Song by The Beau Brummels

from the album Triangle
- Released: 1967
- Genre: Rock
- Length: 2:05
- Label: Warner Bros.
- Songwriter: Randy Newman
- Producer: Lenny Waronker

= Old Kentucky Home =

1967 song written by Randy Newman

"Old Kentucky Home" is a song written by Randy Newman. It was first released by the Beau Brummels on their 1967 album Triangle, Newman released his own version on his 1970 album 12 Songs. It was also covered by several artists, including Johnny Cash, whose version charted on the Billboard Hot Country Singles chart in 1975. Cash released the song under the title "My Old Kentucky Home (Turpentine and Dandelion Wine)".

==Lyrics and music==
The lyrics of "Old Kentucky Home" mock hillbilly stereotypes. The singer describes how he enjoys drinking dandelion wine and shooting birds off of a telephone wire, how his sister grew fat rather than tall and his parents don't let her out much except at night, and how his brother gets drunk and would whup his woman until she went away. The singer ends each verse by assuring the listener that he doesn't care that his family is falling apart because he's all right.

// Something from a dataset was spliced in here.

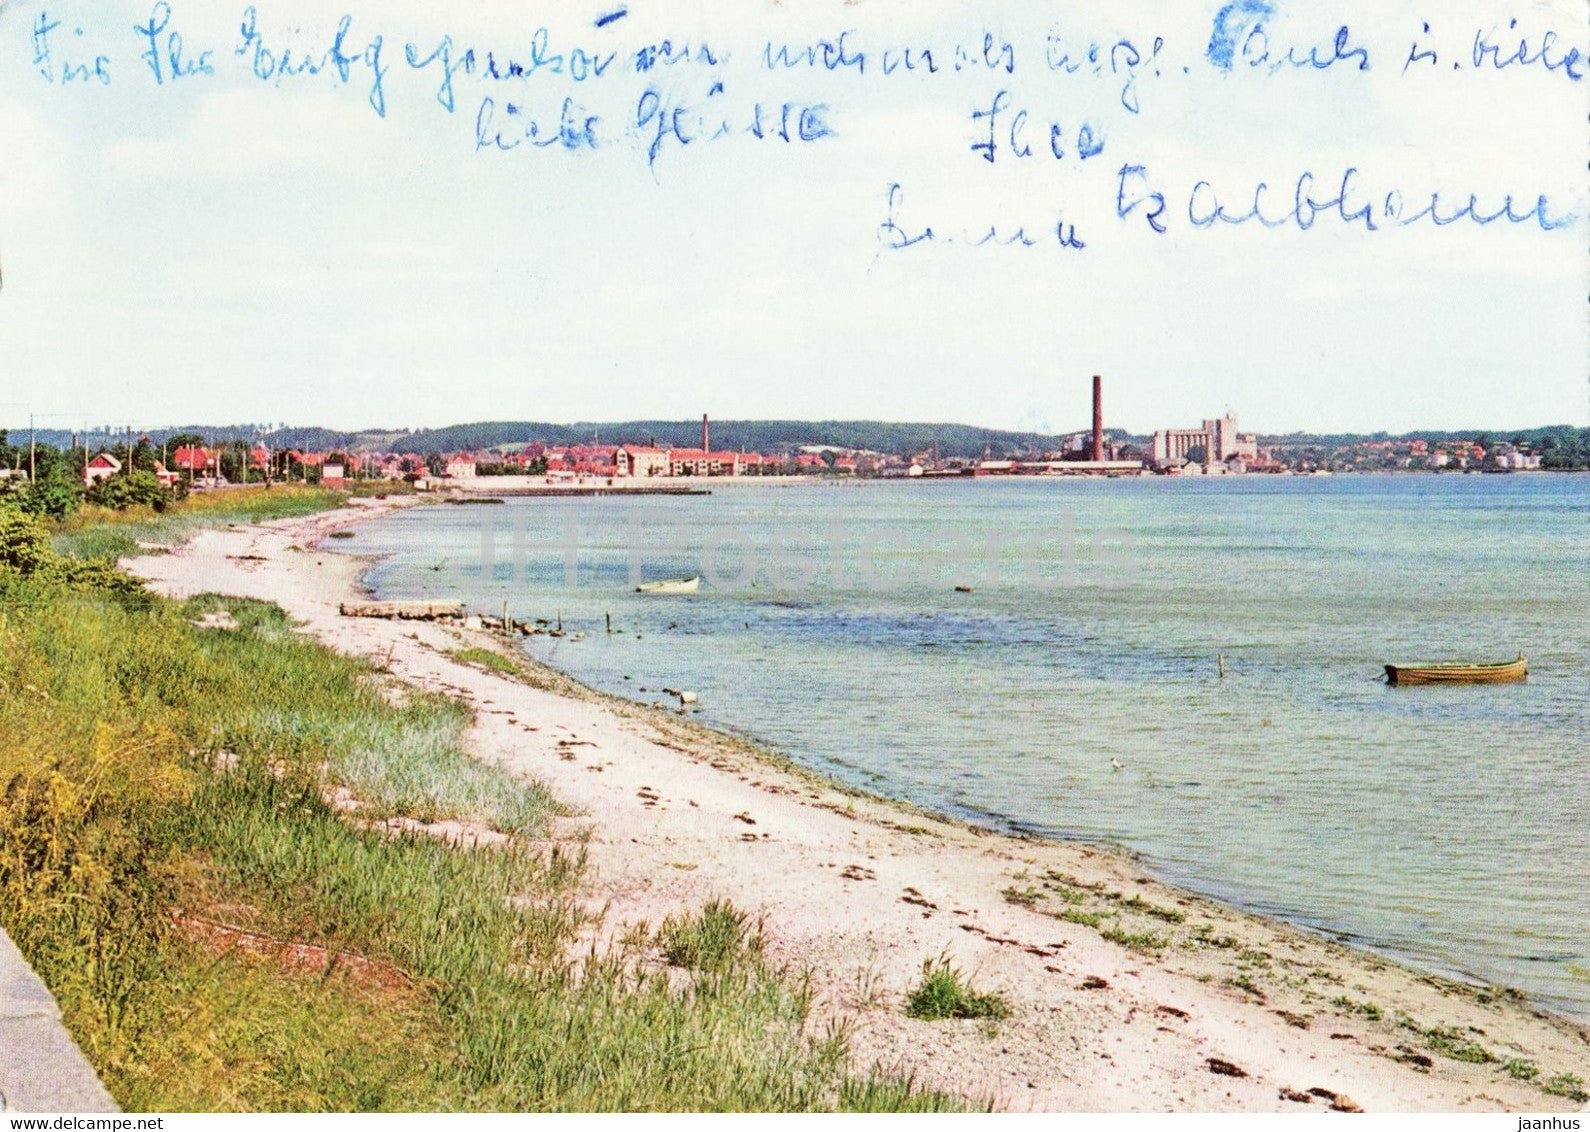 Aabenraa - View towards the town - Denmark - used - JH Postcards

The song's chorus quotes the line "Oh, the sun shines bright on / My old Kentucky home" from Stephen Foster's song "My Old Kentucky Home". Foster's song had been originally published as a minstrel song. This tied in to what music critic Robert Hilburn noted as a theme of the song: "how racial and class stereotyping had always been an accepted part of American pop music." While Foster's song is about a slave who has had to abandon his home, possibly inspired by Uncle Tom's Cabin where Tom's owner has to liquidate his assets, Newman biographer Kevin Courrier described Newman's version as "an updated booze-soaked portrait of that idyllic abobe." Courrier says of the chorus that "Newman paints such a ridiculous picture of family dysfunction that when he gets to the chorus, Foster's words are not only stripped of their longing for home, they're transformed ironically into denial of one."

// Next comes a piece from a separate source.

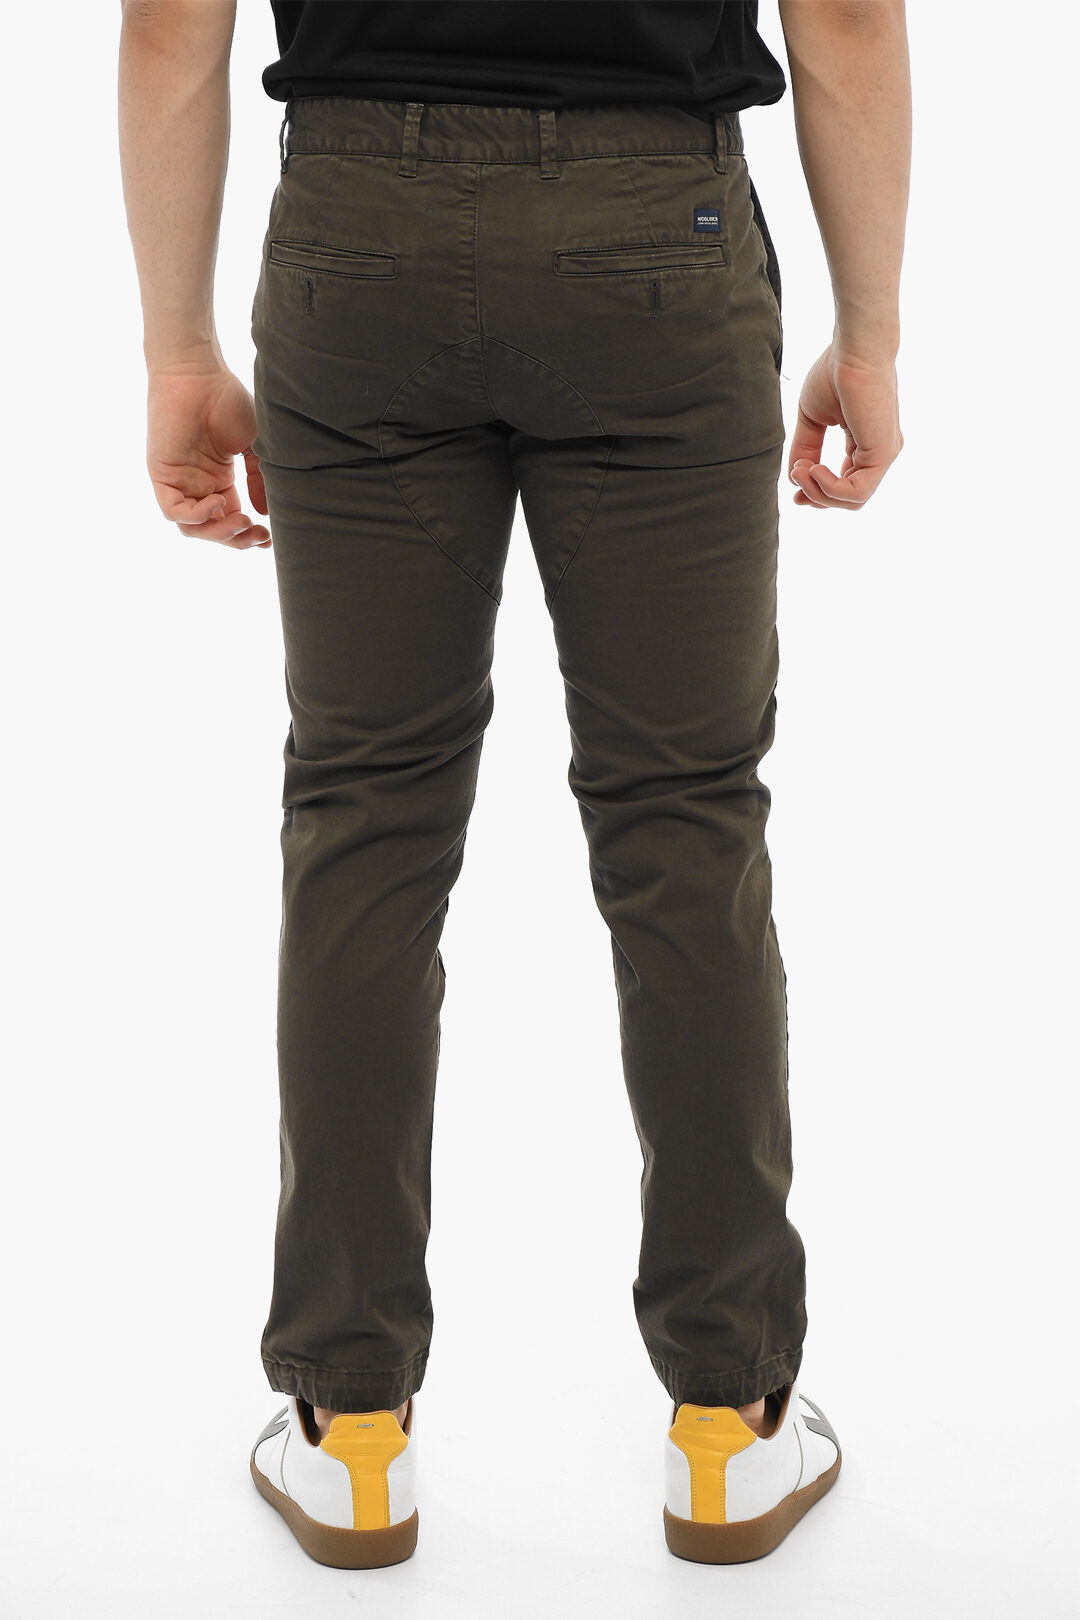 Woolrich Stretch Cotton Chino Pants with Belt Loops men - Glamood Outlet

Thousand Oaks Star critic Bob Baker noted that while the song is nothing like Foster's classic song, it is similar to Foster's song in that "it relates to life in a Kentucky home but it's not very complimentary." Newman himself said of the song:
The funniest part of the song is taken from Stephen Foster – the "sun shines bright". Now it was probably about "pickaninnies" or "darkies" at some point. It's about mountain people's ignorance or making fun of people who think that's funny. It's a good song because Stephen Foster wrote the hook.

The melody is built up from small pitch-range-motives. In Newman's version, Ry Cooder's slide guitar generates a country music feel. Reviewing Newman's version, Allmusic critic Matthew Greenwald described the music as providing a "cheery country & western musical backdrop" to the lyrics. Hilburn described the song as being "a sort of modern mixing of the Stephen Foster original and Erskine Caldwell's 'God's Little Acre' atmosphere."

==Versions==

The original version of "Old Kentucky Home" was released by the Beau Brummels on their 1967 album Triangle. Newman released his own version on his 1970 album 12 Songs. He also released a live version on his 1971 live album Randy Newman Live. Johnny Cash released a version on his 1975 album John R. Cash under the title "My Old Kentucky Home (Turpentine and Dandelion Wine)". This version was released as a single and reached number 42 on the Billboard Hot Country Singles chart.

==Reception==
Greenwald called "Old Kentucky Home" "an excellent example of" why Newman was "one of the finest storyteller/songwriters of his day." Fellow Allmusic critic Mark Deming called it "a hilarious and quite uncharitable look at life in the deep South." Courrier felt the song was "ingenious" because Newman doesn't reveal where his sympathies lie, comparing the song to some of Bob Dylan's work where "the listener can't be sure what he's taking in." Courrier also praised the song's vivid "sense of place". Baltimore Sun critic Bob Grover considered it his favorite song on 12 Songs while noting that Newman "uses several vocal tricks and turns without seeming the least bit affected." The Times (Trenton, New Jersey) critic Alan Edwards praised the song for being "painfully perverse".

"Old Kentucky Home" has been released on several of Newman's compilation albums, including the 1998 reissue of Lonely at the Top: The Best of Randy Newman and Guilty: 30 Years of Randy Newman.

The Georgia Humane Society criticized Cash for covering the song due to the line about "picking birds off the telephone lines with this gun of mine." In response, Cash promised to write a new song consistent with the humane society's viewpoint.